INSTRUCTIONS FOR THE TASK:
Please restate the listing word for word, omitting the images.

STORED DATA:
BEGIN
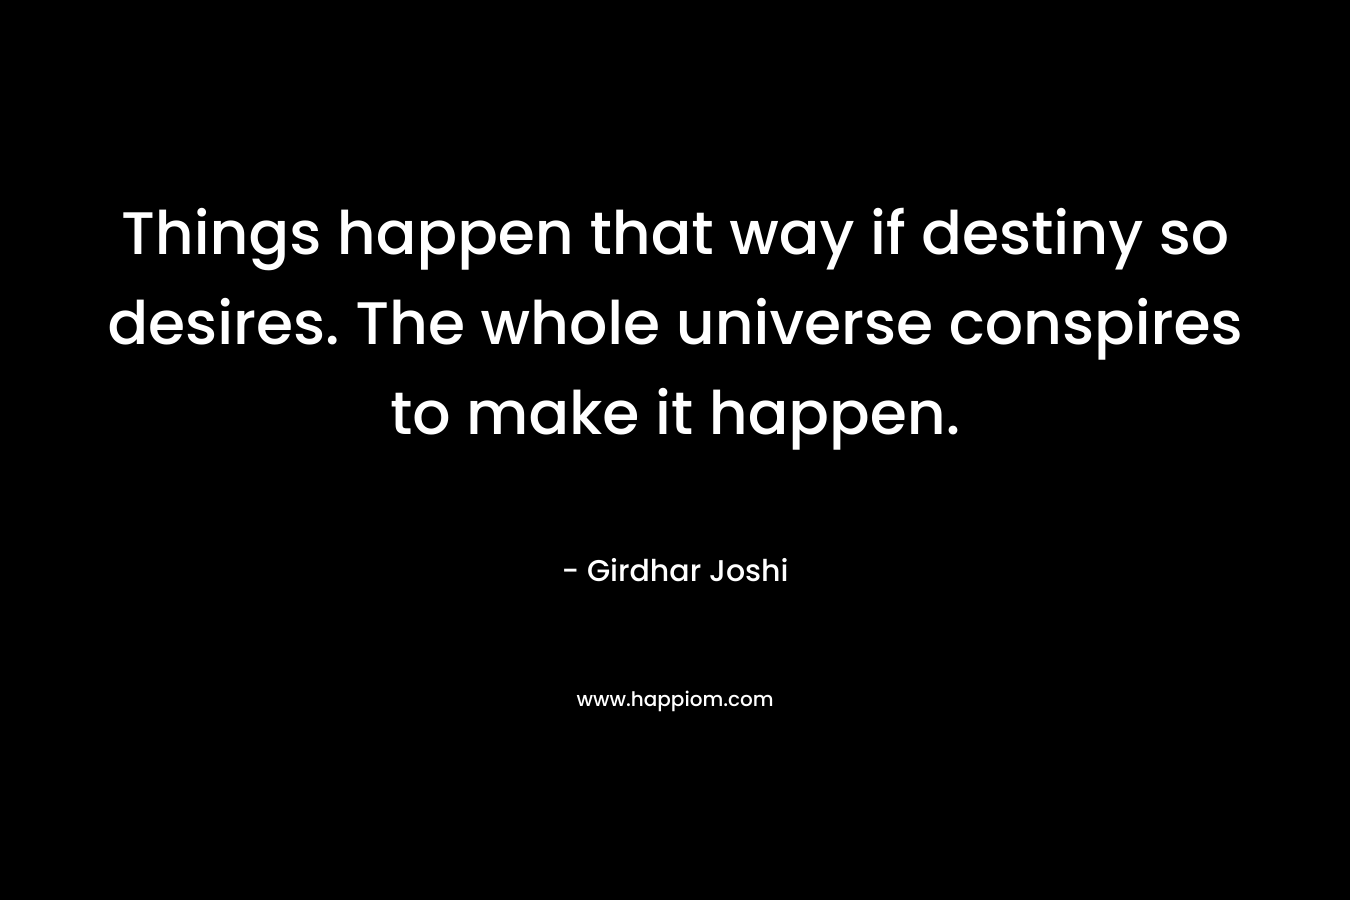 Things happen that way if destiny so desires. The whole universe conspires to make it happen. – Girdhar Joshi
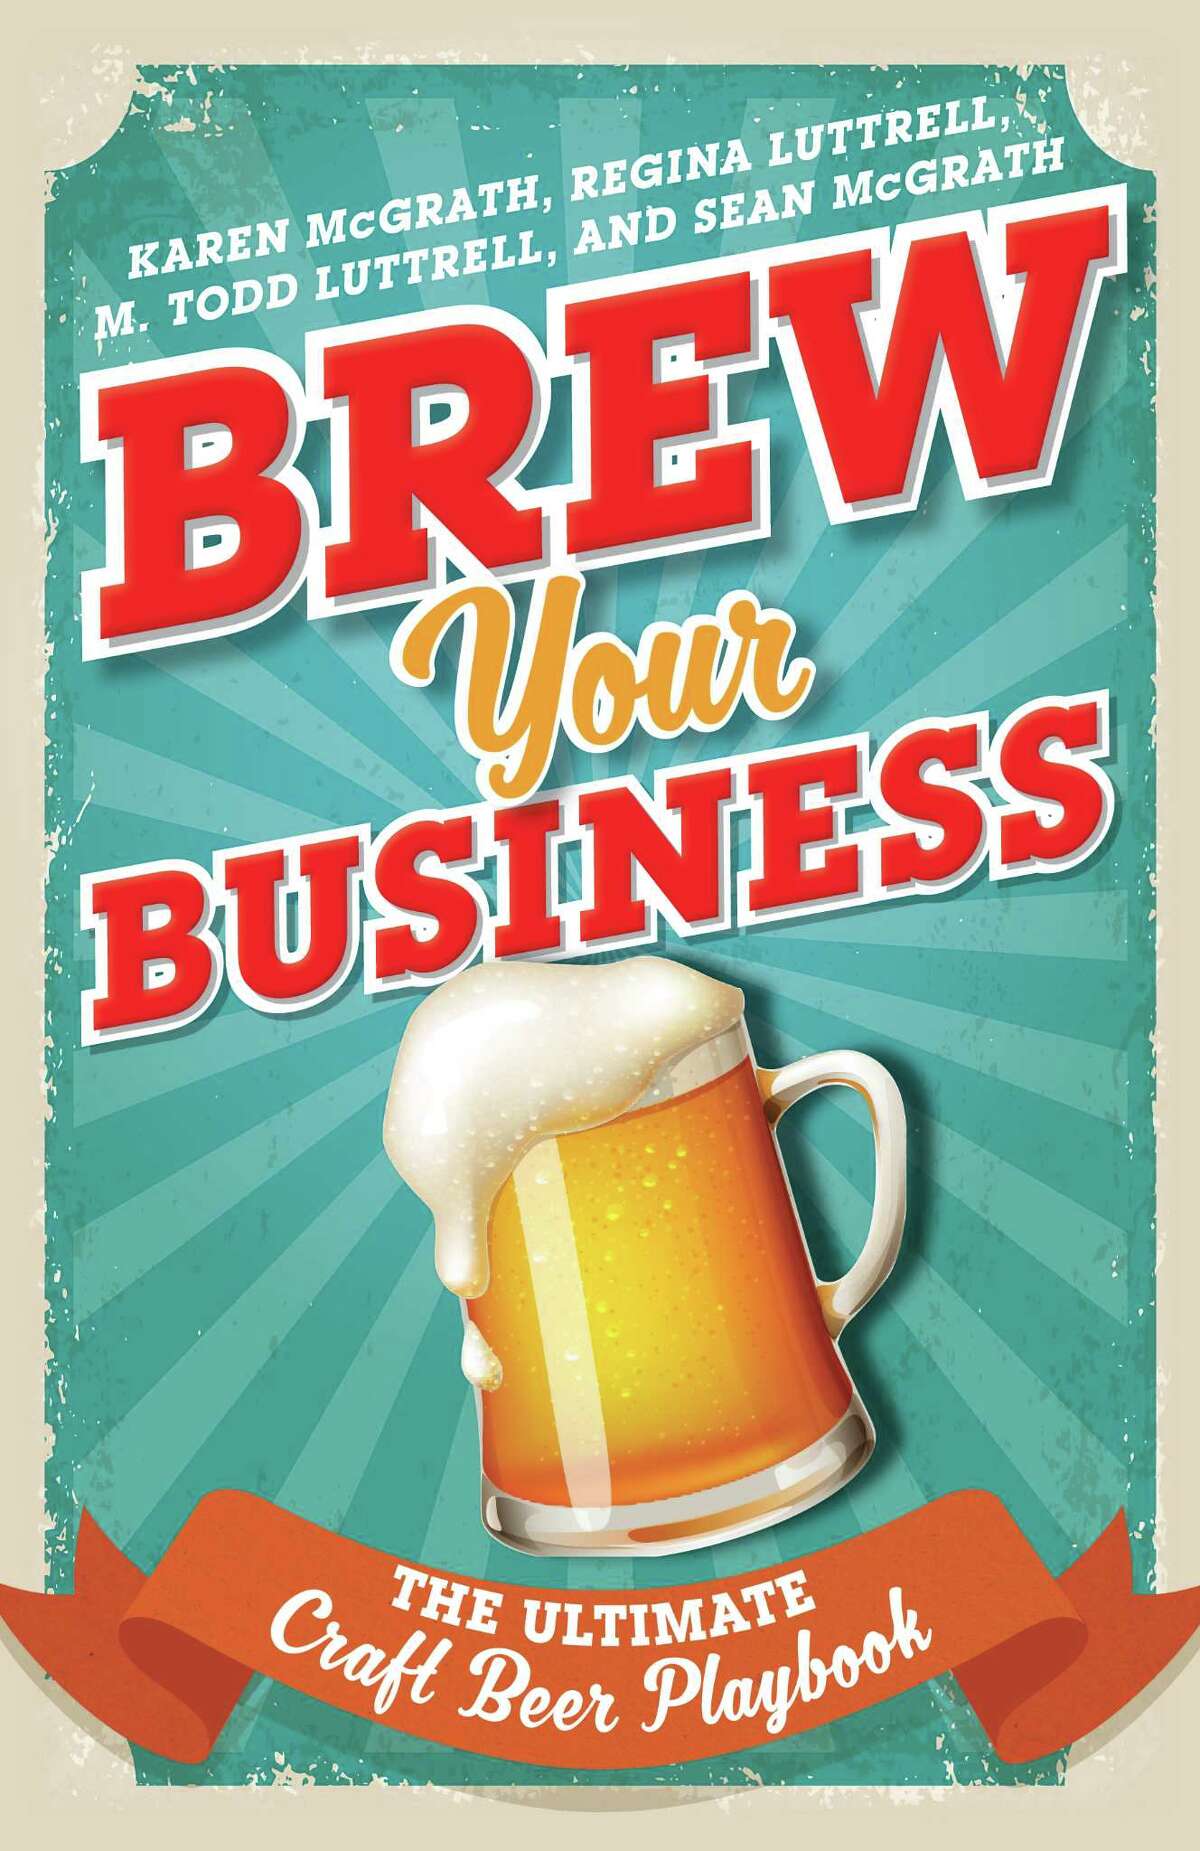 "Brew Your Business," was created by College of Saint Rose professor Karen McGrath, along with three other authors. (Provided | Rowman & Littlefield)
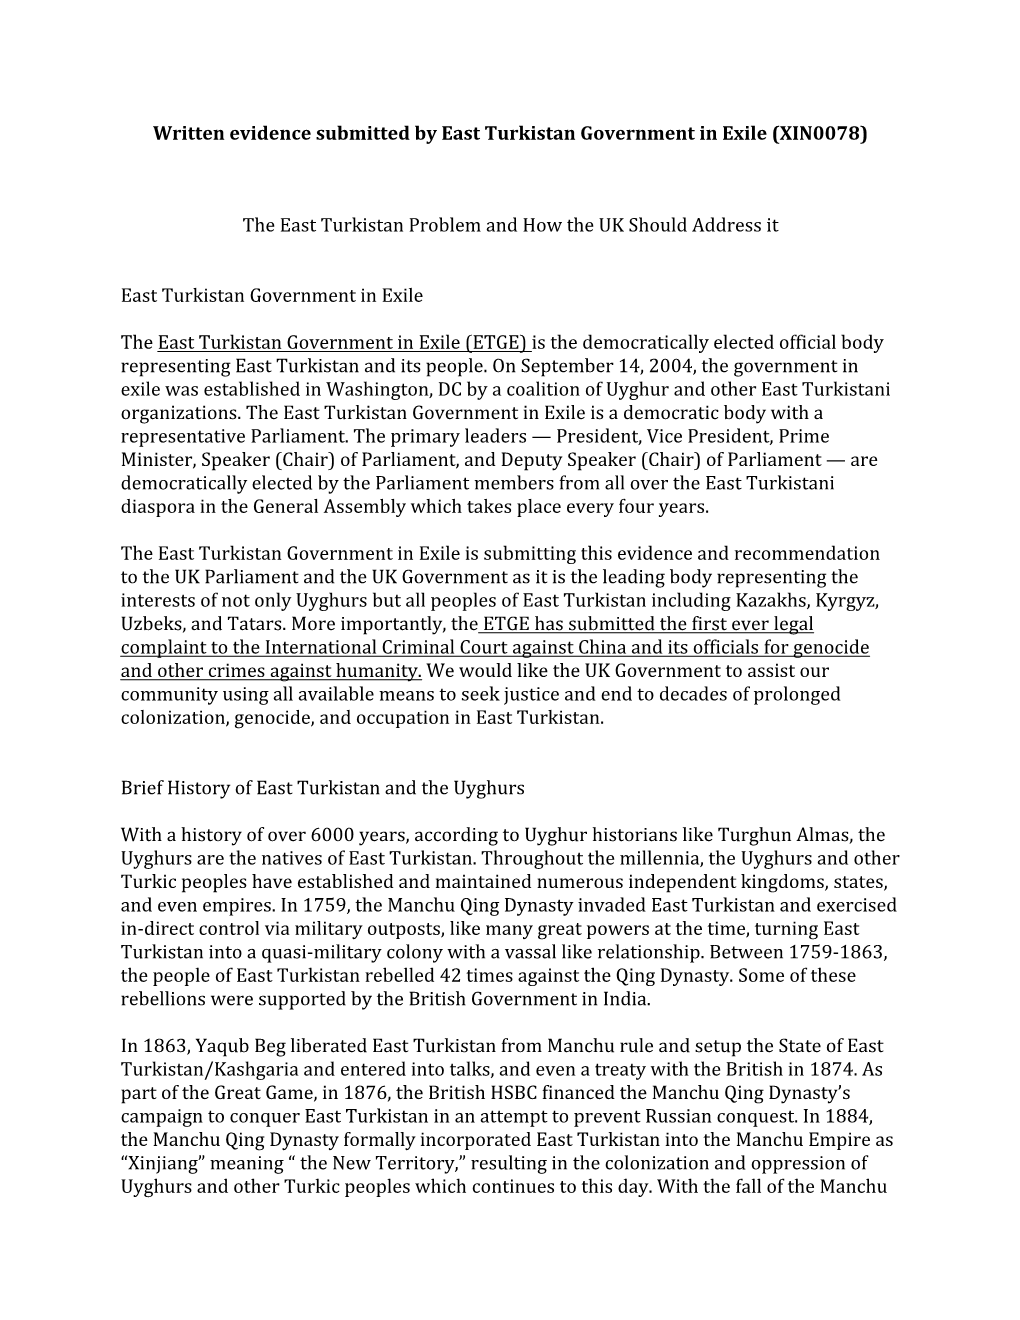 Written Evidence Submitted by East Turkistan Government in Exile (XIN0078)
END
REPLY TO THE TASK:
 Things happen that way if destiny so desires. The whole universe conspires to make it happen. – Girdhar Joshi
 "Brew Your Business," was created by College of Saint Rose professor Karen McGrath, along with three other authors. (Provided | Rowman & Littlefield)
 Written Evidence Submitted by East Turkistan Government in Exile (XIN0078)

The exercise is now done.